PROBLEM TO WORK ON:
Copy out every record below, word for word.

RECORDS SHOWN:

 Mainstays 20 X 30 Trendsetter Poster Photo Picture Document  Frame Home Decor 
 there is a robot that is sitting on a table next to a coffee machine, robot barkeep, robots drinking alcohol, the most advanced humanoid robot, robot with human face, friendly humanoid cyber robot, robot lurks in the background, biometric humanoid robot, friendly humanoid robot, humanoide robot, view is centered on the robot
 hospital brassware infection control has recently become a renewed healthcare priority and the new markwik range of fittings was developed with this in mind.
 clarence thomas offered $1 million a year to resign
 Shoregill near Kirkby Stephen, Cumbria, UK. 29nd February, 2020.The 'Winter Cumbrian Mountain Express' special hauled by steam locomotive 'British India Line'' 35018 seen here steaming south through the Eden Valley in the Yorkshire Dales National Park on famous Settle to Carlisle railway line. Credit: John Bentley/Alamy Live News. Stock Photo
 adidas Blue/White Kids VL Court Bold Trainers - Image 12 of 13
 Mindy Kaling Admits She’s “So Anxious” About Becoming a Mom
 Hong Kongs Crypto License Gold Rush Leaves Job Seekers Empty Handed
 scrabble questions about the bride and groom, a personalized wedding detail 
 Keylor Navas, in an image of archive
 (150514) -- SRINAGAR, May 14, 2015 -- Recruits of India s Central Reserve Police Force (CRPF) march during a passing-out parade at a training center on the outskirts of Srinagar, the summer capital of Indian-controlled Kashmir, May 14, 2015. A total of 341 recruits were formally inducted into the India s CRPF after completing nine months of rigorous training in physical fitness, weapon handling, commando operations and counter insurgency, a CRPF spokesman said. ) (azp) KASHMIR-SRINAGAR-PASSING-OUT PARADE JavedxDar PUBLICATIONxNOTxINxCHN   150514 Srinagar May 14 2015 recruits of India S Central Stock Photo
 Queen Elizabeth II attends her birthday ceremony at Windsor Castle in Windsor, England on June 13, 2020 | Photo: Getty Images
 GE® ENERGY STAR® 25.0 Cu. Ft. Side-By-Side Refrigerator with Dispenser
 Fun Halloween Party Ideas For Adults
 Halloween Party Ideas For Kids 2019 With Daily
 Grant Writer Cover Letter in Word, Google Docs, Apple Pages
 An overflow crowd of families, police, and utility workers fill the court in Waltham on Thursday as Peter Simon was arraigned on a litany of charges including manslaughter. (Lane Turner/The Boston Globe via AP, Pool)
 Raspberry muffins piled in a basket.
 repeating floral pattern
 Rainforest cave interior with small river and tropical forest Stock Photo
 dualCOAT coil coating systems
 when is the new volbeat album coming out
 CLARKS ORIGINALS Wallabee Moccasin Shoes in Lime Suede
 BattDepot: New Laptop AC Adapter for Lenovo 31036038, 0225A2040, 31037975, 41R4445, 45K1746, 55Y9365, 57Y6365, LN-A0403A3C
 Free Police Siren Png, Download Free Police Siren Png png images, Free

RESULT OF THIS EXERCISE:
 Mainstays 20 X 30 Trendsetter Poster Photo Picture Document  Frame Home Decor 
 there is a robot that is sitting on a table next to a coffee machine, robot barkeep, robots drinking alcohol, the most advanced humanoid robot, robot with human face, friendly humanoid cyber robot, robot lurks in the background, biometric humanoid robot, friendly humanoid robot, humanoide robot, view is centered on the robot
 hospital brassware infection control has recently become a renewed healthcare priority and the new markwik range of fittings was developed with this in mind.
 clarence thomas offered $1 million a year to resign
 Shoregill near Kirkby Stephen, Cumbria, UK. 29nd February, 2020.The 'Winter Cumbrian Mountain Express' special hauled by steam locomotive 'British India Line'' 35018 seen here steaming south through the Eden Valley in the Yorkshire Dales National Park on famous Settle to Carlisle railway line. Credit: John Bentley/Alamy Live News. Stock Photo
 adidas Blue/White Kids VL Court Bold Trainers - Image 12 of 13
 Mindy Kaling Admits She’s “So Anxious” About Becoming a Mom
 Hong Kongs Crypto License Gold Rush Leaves Job Seekers Empty Handed
 scrabble questions about the bride and groom, a personalized wedding detail 
 Keylor Navas, in an image of archive
 (150514) -- SRINAGAR, May 14, 2015 -- Recruits of India s Central Reserve Police Force (CRPF) march during a passing-out parade at a training center on the outskirts of Srinagar, the summer capital of Indian-controlled Kashmir, May 14, 2015. A total of 341 recruits were formally inducted into the India s CRPF after completing nine months of rigorous training in physical fitness, weapon handling, commando operations and counter insurgency, a CRPF spokesman said. ) (azp) KASHMIR-SRINAGAR-PASSING-OUT PARADE JavedxDar PUBLICATIONxNOTxINxCHN   150514 Srinagar May 14 2015 recruits of India S Central Stock Photo
 Queen Elizabeth II attends her birthday ceremony at Windsor Castle in Windsor, England on June 13, 2020 | Photo: Getty Images
 GE® ENERGY STAR® 25.0 Cu. Ft. Side-By-Side Refrigerator with Dispenser
 Fun Halloween Party Ideas For Adults
 Halloween Party Ideas For Kids 2019 With Daily
 Grant Writer Cover Letter in Word, Google Docs, Apple Pages
 An overflow crowd of families, police, and utility workers fill the court in Waltham on Thursday as Peter Simon was arraigned on a litany of charges including manslaughter. (Lane Turner/The Boston Globe via AP, Pool)
 Raspberry muffins piled in a basket.
 repeating floral pattern
 Rainforest cave interior with small river and tropical forest Stock Photo
 dualCOAT coil coating systems
 when is the new volbeat album coming out
 CLARKS ORIGINALS Wallabee Moccasin Shoes in Lime Suede
 BattDepot: New Laptop AC Adapter for Lenovo 31036038, 0225A2040, 31037975, 41R4445, 45K1746, 55Y9365, 57Y6365, LN-A0403A3C
 Free Police Siren Png, Download Free Police Siren Png png images, Free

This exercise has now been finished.